Confronted with death, he suddenly found his sedentary middle-class existence rather meaningless, his possessions encumbrances, his routines superficial. And so he joined the ranks of itinerant holy men at an age when most chaps were putting their feet up to do the morning crossword. “Now I am waiting to die,” he said merrily. “And I am hoping it will be in a temple, among the gods. Already I am counting the days.” He sounded like a schoolboy eagerly anticipating the end of term.

A cacophony of drummers and whining flutes arose, and Arun shooed me towards the excitement in the Hall of a Thousand Pillars. A cavernous and crumbling edifice, it was like an ancient Egyptian temple had suddenly come to life. Between ranks of ruinous columns, crowds of pilgrims surged into a long central aisle. In the wavering light of oil lamps, the walls swarmed with reliefs of dancing girls, rearing horsemen, teeth-gnashing guardians and rampant lions with rampant penises.

The musicians acted as an escort for a statue of Parvati. Garlanded with flowers and jewellery, she was carried aloft by four priests, stripped to their flabby waists, towards the statue of Shiva, waiting for her with his own coterie of priests at the far end of the temple. It was the hour of their union, and a note of hysteria ran through the pilgrims, all keen to perform puja, or worship, at this propitious moment. Priests fought them back as best they could while pouring spoonfuls of Ganges water into their outstretched hands. In their ardour, 1,000 individuals sharing the same focus were suddenly as one.

 

Arun’s benign face appeared at my elbow.

“Shiva is the god of destruction,” he smiled. “So necessary for renewal. He is the destroyer of the ego and the desires that enslave us.”

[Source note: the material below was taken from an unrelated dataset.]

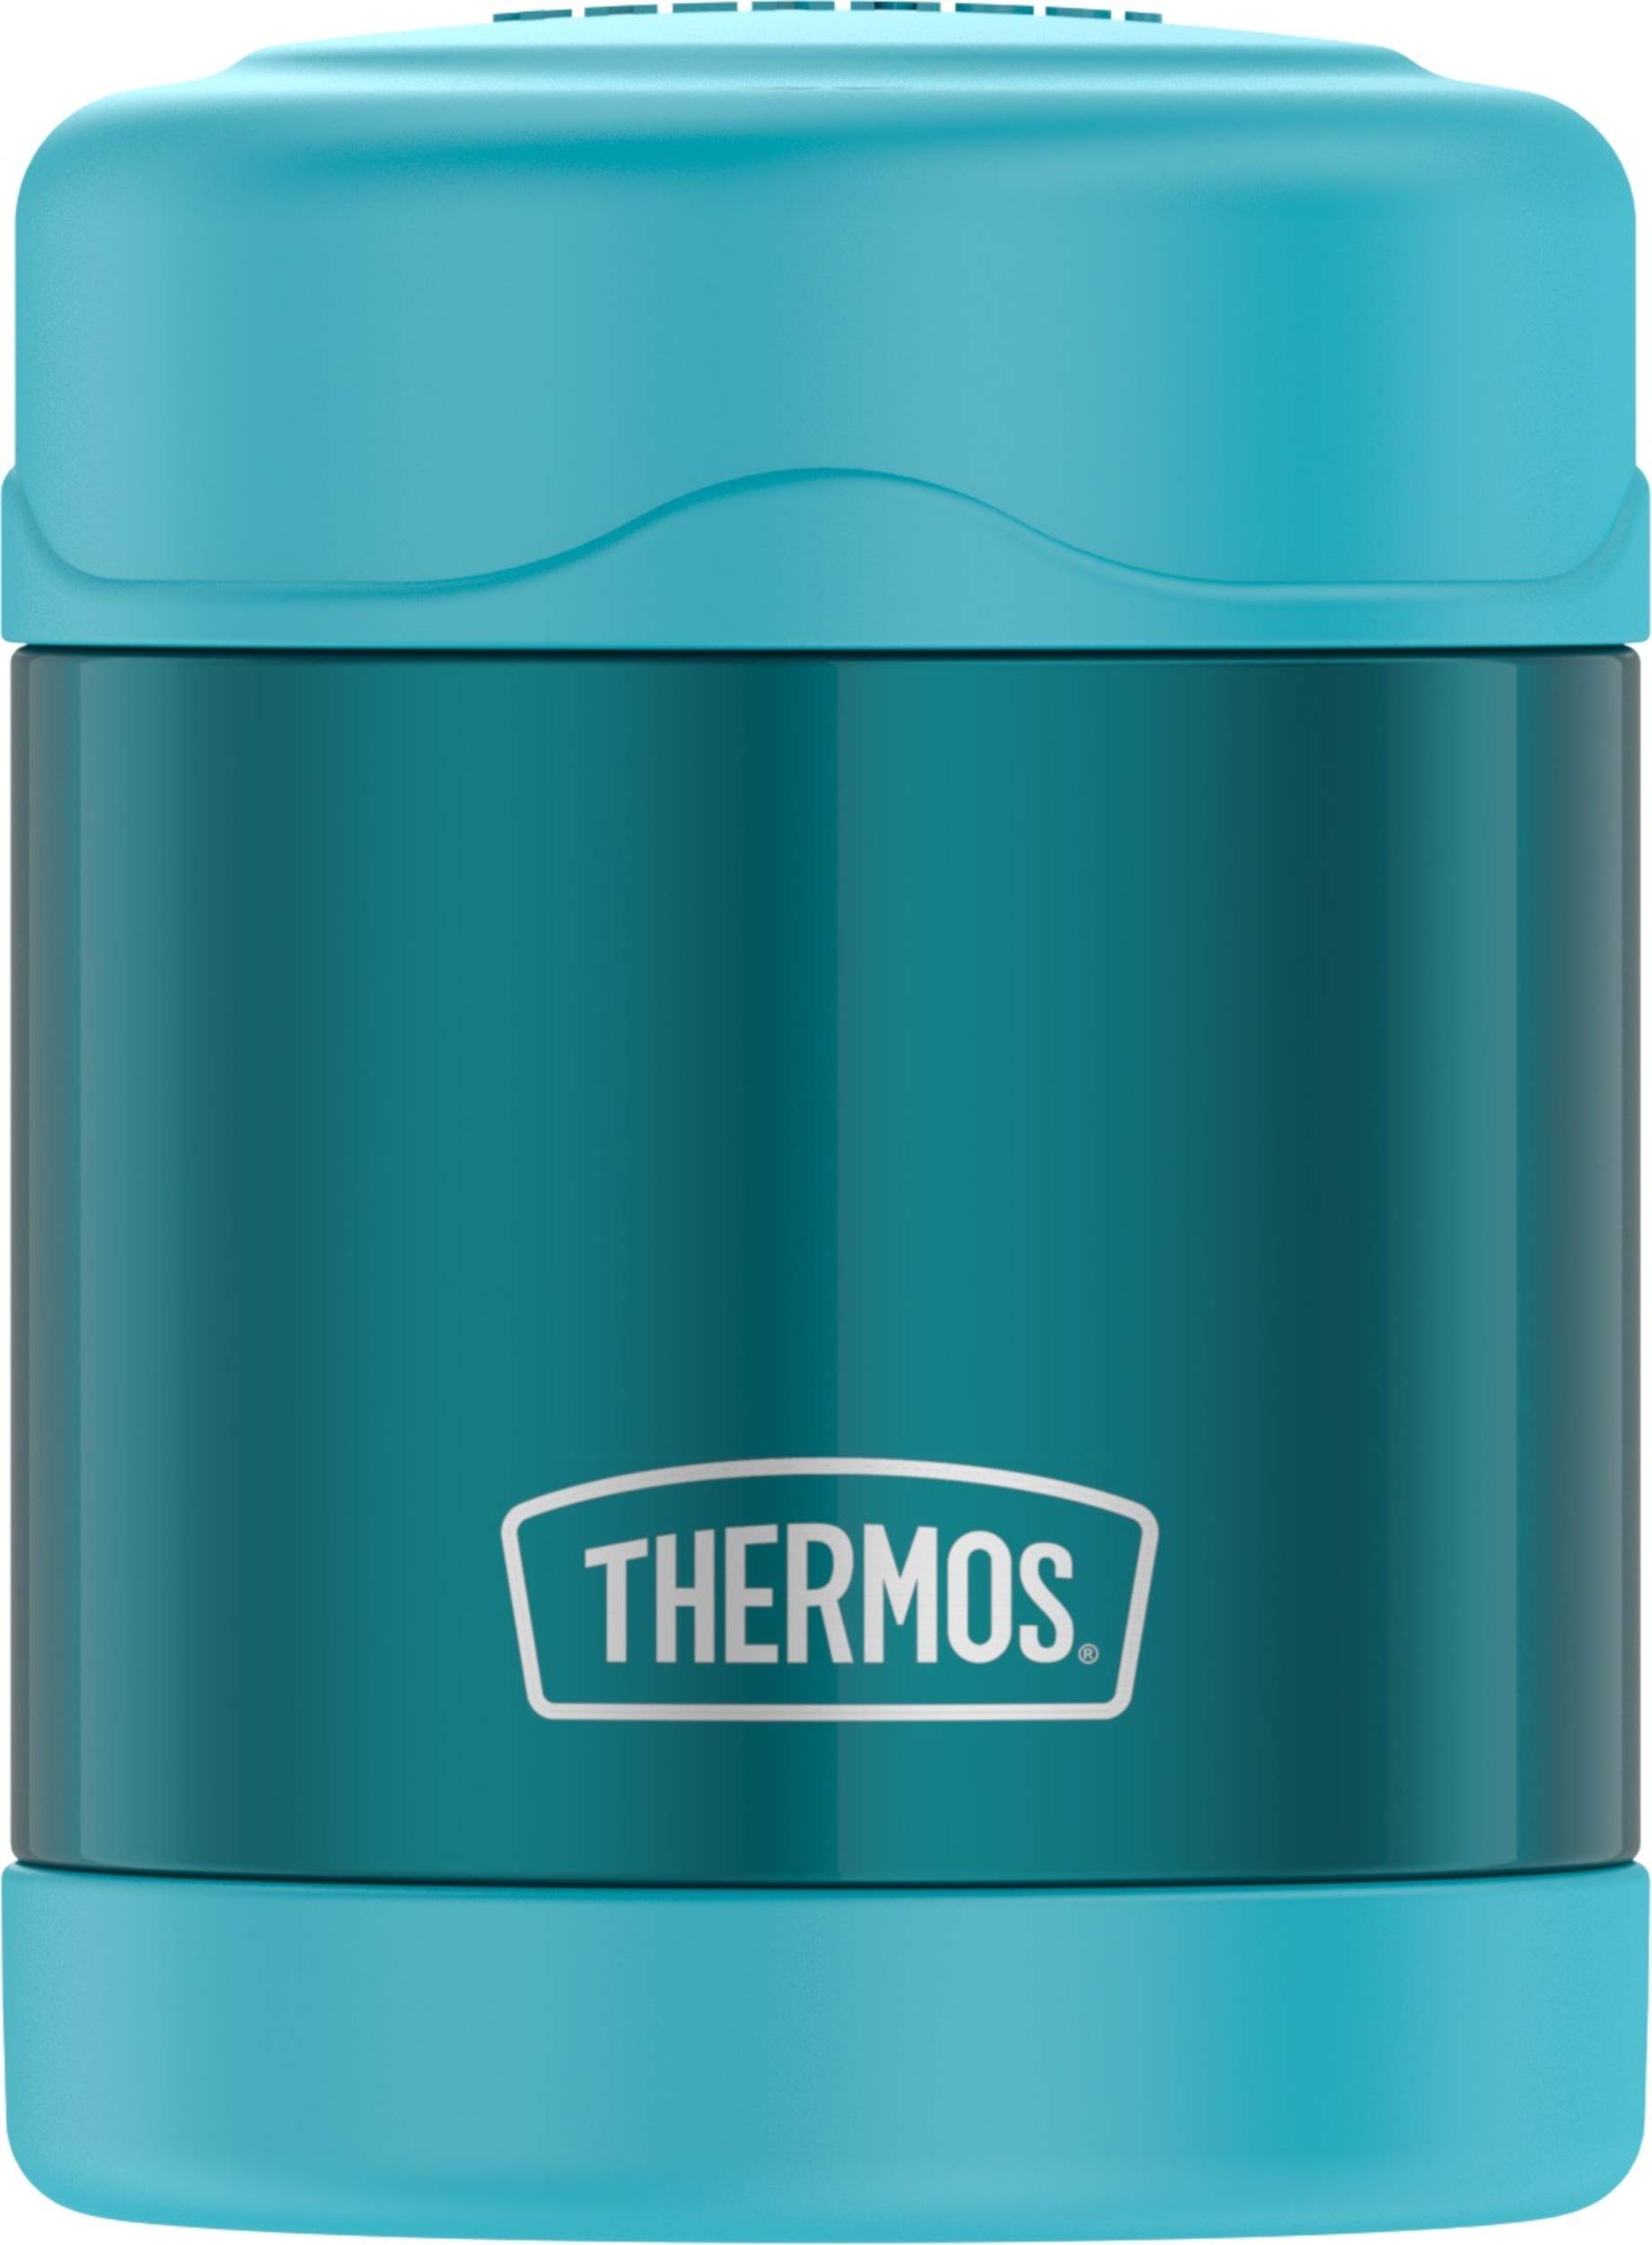 THERMOS F30019TL6 Stainless Steel FUNTAINER 10 Ounce Food Jar Edelstahl-Funnainer 284 ml, blaugrün

The following morning Arun and I set off for the centre of the universe in an old Morris Oxford. I too was touring the temples of South India and I had offered the old man a lift. Arun sat in the front seat with his danda (staff) between his knees. Something about the car, the old man and our religious destinations reminded me of my grandfather and Sunday mornings.

There is the lingering idea that South India is more distinctly Indian than the north. Less affected by conquerors and foreign influences, this is the Hindu heartland, where the earth is redder, the monsoon wetter, the vegetation thicker, the names more unpronounceable and the temples more outlandish. The great sprawling religious complexes of the south can make many northern temples look like Methodist chapels.

 

We drove south through the country of the Cauvery Delta, sailing down long roads beneath the ribbed columns and Gothic arches of the banyan trees. Country buses, their roofs piled high with excess passengers, swerved past paddy fields patrolled by elegant herons. Trucks with musical horns and mermaids on their door panels careened through crowds of auto rickshaws. The sweet stench of India was at the open window. Among the cane fields, the bright stands of sunflowers and the deep gloom of the palm groves, where lines of school boys with satchels and red scarves trailed homeward, were the shrines and graves of previous generations that Arun was now so keen to join.

At the 11th-century temple of Gangaikondacholapuram, a priest opened the doors of the main shrine, allowing a shaft of sunlight to illuminate Shiva’s lingam, surrounded by thousands of flowers from the previous day’s festival. At Dharasuram, pilgrims were adorning the long stone friezes of carved figures with garlands of flowers and silk scarves. At the Brihadishwara Temple in Thanjavur, swarms of black-clad men, their shaven heads smeared with yellow sandalwood paste, circled the statue of the great Nandi Bull, while women attended the 250 lingams enshrined in recesses around the walls.

At Chidambaram, reportedly the centre of the universe where the axis connecting the heavens, the Earth and the underworld is said to pass, Arun said, “The temples are like harbours in rough seas. They offer shelter from the storms of life.”

 

Our religious trail ended in the city of Madurai. The Sri Meenakshi Temple is one of the largest and most splendid temples of South India, almost a town in itself, covering some 15 acres within concentric walls. You do not simply visit the Sri Meenakshi; they say you are swallowed by it. Its passageways, courts, arcades and countless shrines seem like some physical manifestation of Hinduism: vast, labyrinthine, outlandish, richly decorative, infinite.

At twilight Arun and I sat by the bathing pool where a number of emaciated old sadhus were lowering themselves gingerly into water that no one had bothered to change since the death of Methuselah. Arun was happy to have reached Madurai, one of his favourite “harbours”. He would stay here now for some days, before setting off again on his endless wandering, perhaps heading to the coast and Mahabalipuram.

I asked him if he wanted to perform puja at one of the shrines. He said he was content. And the word impressed itself upon me. Like the pilgrims, I was a jumble of hopes and desires. And in that moment, there with my new liberated friend, they did not feel like a road to contentment. They felt like a barrier.

 

“I have graduated to the final stage of life,” Arun said. “I am happy just to be in the presence of the eternal. I have no desires. It is wanting that makes us so unhappy. I am lucky. I want nothing now. I am free. At last.”

He giggled into his beard. “Through all our lives, desire pursues us like ‘fell and cruel hounds’,” he quoted.

“A quote from the Ramayana?” I asked, referring to the great Hindu epic.

“Shakespeare,” he said. “Twelfth Night.”